Leather sector supply chain is complex and dynamic. Increasing product complexity, out-sourcing and globalization in leather sector of Bangladesh are the reasons that have enhanced the risk in supply chains and shifting around supply networks. Procurement & Supply Chain professionals need to identify and manage risks from a more diverse range of sources and contexts. In the past, when shoe and leather goods were manufactured in-house, materials sourced locally and sold direct to the customer, risk was less diffused and was easier to manage. With the advent of increased product complexity and outsourcing of supply networks across international borders, risk is increasing, and the location of risk has shifted through complex changing supply networks.
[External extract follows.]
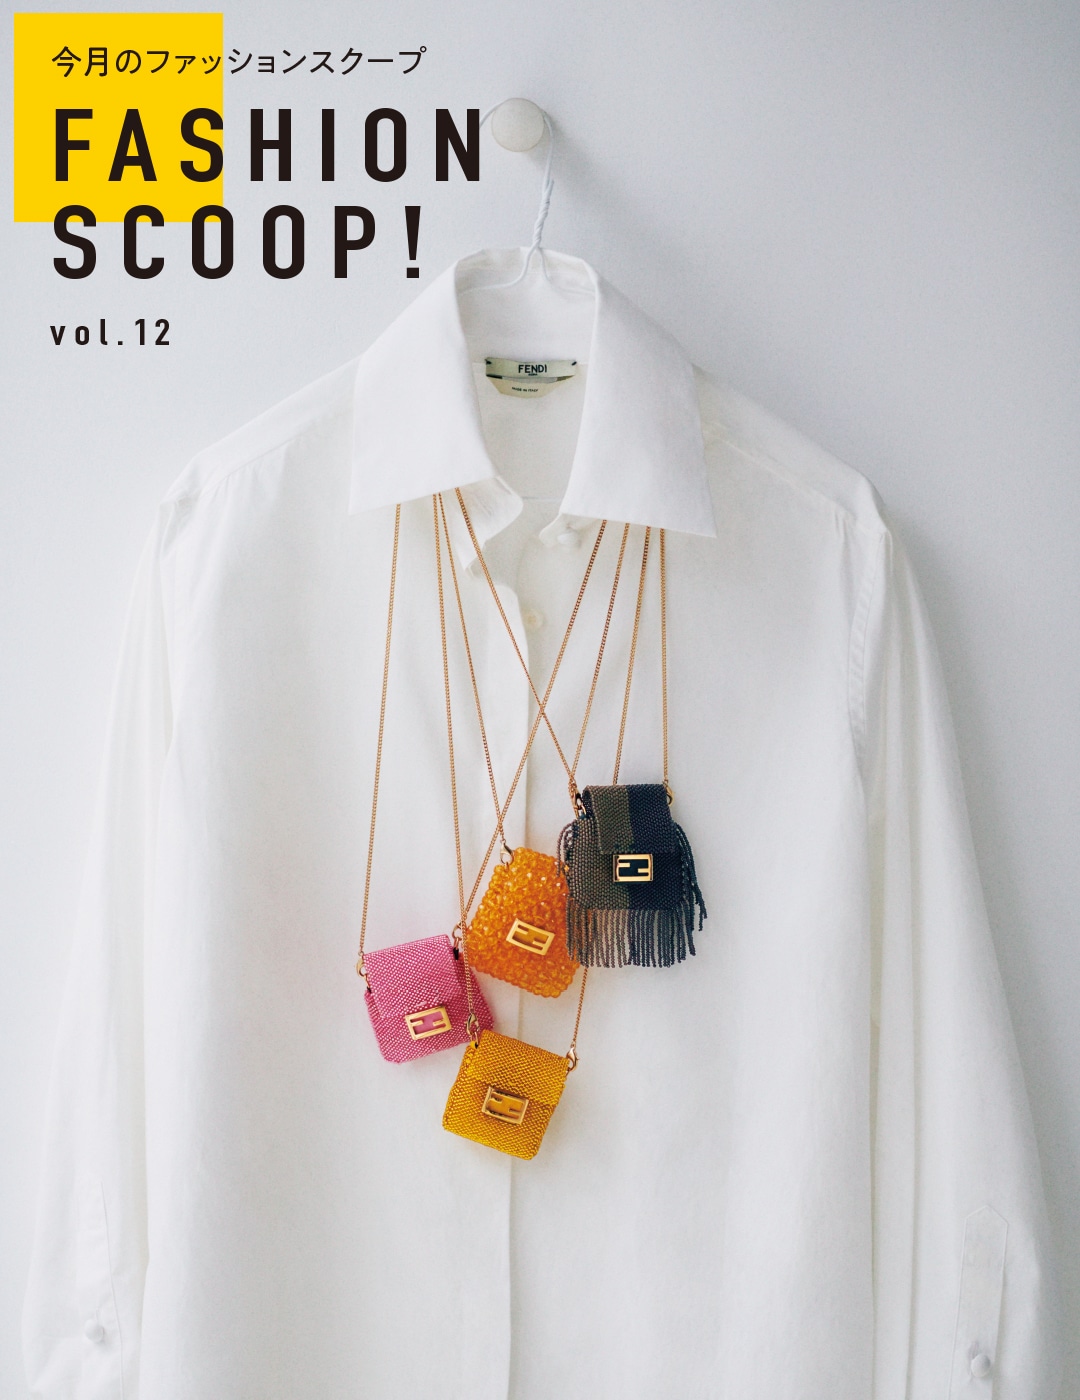 今月のファッションスクープ FASHION SCOOP! vol.12

What is Supply Chain Risk?
Supply risk is defined as the probability of an incident associated with inbound supply from individual supplier failures or the supply market occurring, in which its outcomes result in the inability of the purchasing firm to meet customer demand or cause threats to customer life and safety
What is Supply Chain Risk Management?
Supply chain risk management is the coordinated efforts of an organization to help identify, monitor, detect and mitigate threats to supply chain continuity and profitability.
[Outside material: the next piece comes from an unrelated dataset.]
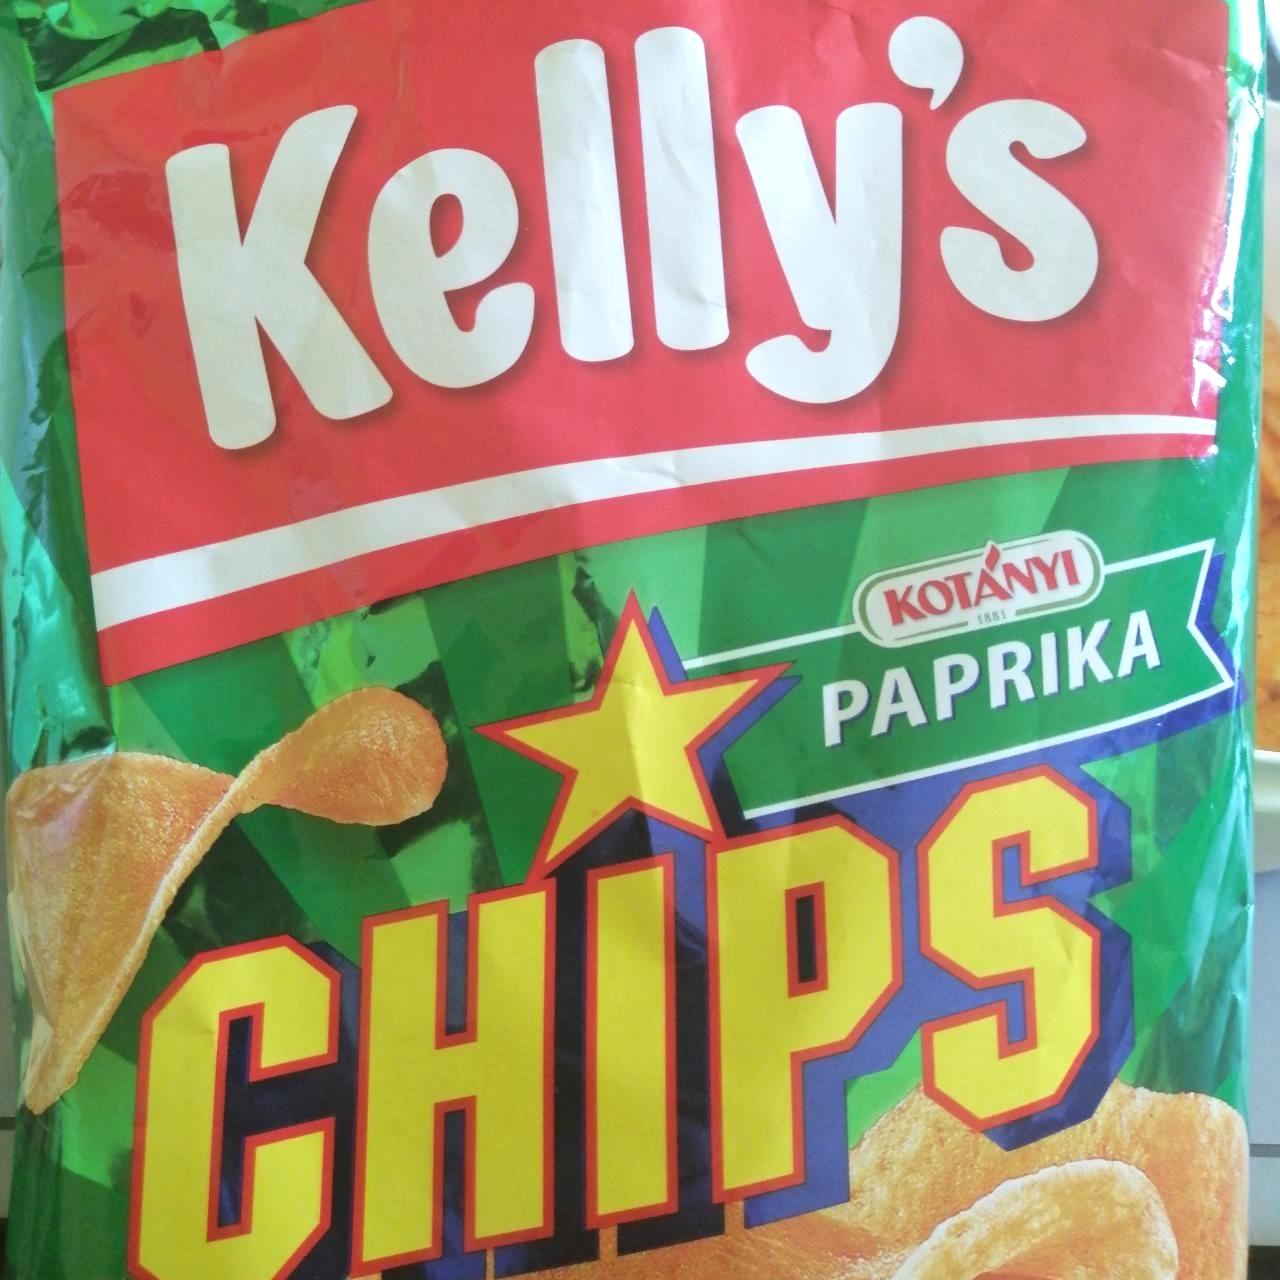 Képek - Paprika chips Kelly's

Threats to the supply chain include cost volatility, material shortages, supplier financial issues and failures and natural and manmade disasters. Supply chain risk management strategies help an organization foresee potential issues and adapt to both those risks and unforeseeable supply chain disruptions as quickly and efficiently as possible.
Why is supply chain risk management Important?
- Risk management stimulates many supply best practices.
- Risk management generally improves supply chain partner relationships
- It provides visibility of supply chain-wide risk,
- The reality of soft risk—risk that is difficult to measure—and its unintended Consequences in business management.
- Every business faces the balance point of risk and reward.
Risk and Reward Analysis
A risk-reward analysis is a very simple tool which can help to assess the risk and reward profile of completely different options. The template works by having risk plotted along one axis and reward along the other. The diagram divided the template into four sections to show you how to interpret the information.
Source: APICS
The four categories from the diagram above are as follows:
- Equal Low: where risk and reward are both proportional and low. This risk can be taken.
- Equal High: where risk and reward are both proportional and high. Organization should take decision before taking this risk in line with its risk appetite. Action should be taken to reduce likelihood of the risk
- Positive: represents a positive risk-reward balance, where a higher return can be achieved with limited risk. This risk is worth taking.
- Negative: represents a negative risk-reward balance, where a low return is the reward for taking on a relatively high risk. This kind of risk should be avoided.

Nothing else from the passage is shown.